4. Perubahan Geografis Alam Minangkabau
Sebelum kedatangan kolonialis Belanda, Alam Minangkabau merupakan daerah yang
otonom beserta nagari-nagari yang berada di dalamnya. Bahkan kekuasaan raja
Pagaruyungpun tidak mampu untuk merubahnya. Bagi orang Minangkabau Pagaruyung
dianggap sebagai sebuah kekuasaan asing di Minangkabau, dan bukan pusat kekuasaan di
Minangkabau. Nagari-nagari merupakan republik otonom, mirip dengan polis-polis di Yunani,
yang berada di bawah pimpinan penghulu nagari.
Dengan demikian Luhak merupakan kelompok nagari sebagai suatu unit teritorial politik
yang mandiri di bawah naungan Dewan Penghulu Nagari, dan tidak mewakili kekuasaan raja
seperti disebutkan di atas. Dalam kondisi demikian posisi raja-raja Minangkabau tidak obahnya
seperti raja-raja Melayu, di mana kekuasaan mereka tidaklah terlalu besar (Djoko Suryo, dkk,
2001: 153 – 154). Dalam konteks seperti inilah munculnya ungkapan Minangkabau: “Raja
benar raja disembah, raja zalim raja disanggah”
Setelah masuknya birokrasi Belanda ke Minangkabau, Alam Minangkabau berubah
nama menjadi Sumatra Weskust (Sumatera Barat), dan kawasan luhak menjadi bagian yang
berubah-rubah, seperi afdeeling (kabupaten), yang kemudian diwariskan sampai era
kemerdekaan.

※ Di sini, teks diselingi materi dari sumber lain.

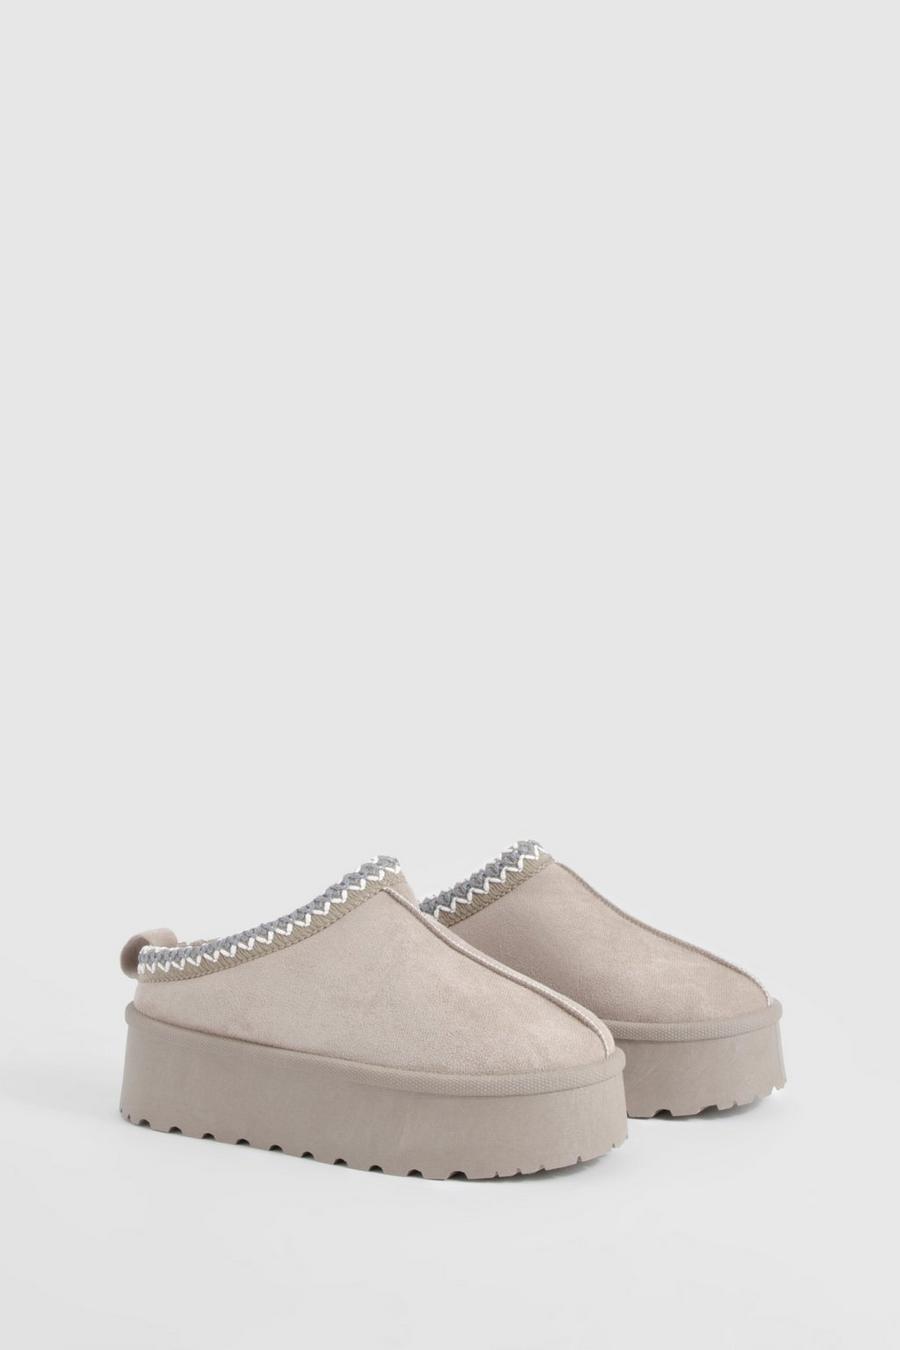 Taupe Embroidered Detailing Platform Slip On Cosy Mules

Sejak era kemerdekaan geografis Minangkabau juga mengalami banyak
perubahan, misalnya hilangnya beberapa nagari Minangkabau karena digabung ke propinsi
terdekat, seperti Bangkinang dan Teluk Kuantan di Riau. Menurut hitungan Westenenk jumlah
nagari di Minangkabau pada mulanya lebih dari lima ratus buah.
Perubahan yang lebih parah justru terjadi di masa Orde Baru, di mana nagari diganti dengan
desa sebagaimana lazimnya di daerah Jawa. Bahkan seringkali nagari dipecah ke dalam unit-
unit desa. Dalam era reformasi ini ada usaha untuk membangun kembali nagari sebagai desa
tradisional orang Minangkabau, namun ini ternyata menimbulkan banyak persoalan dan bahkan
menjadi polemik yang berkepanjangan.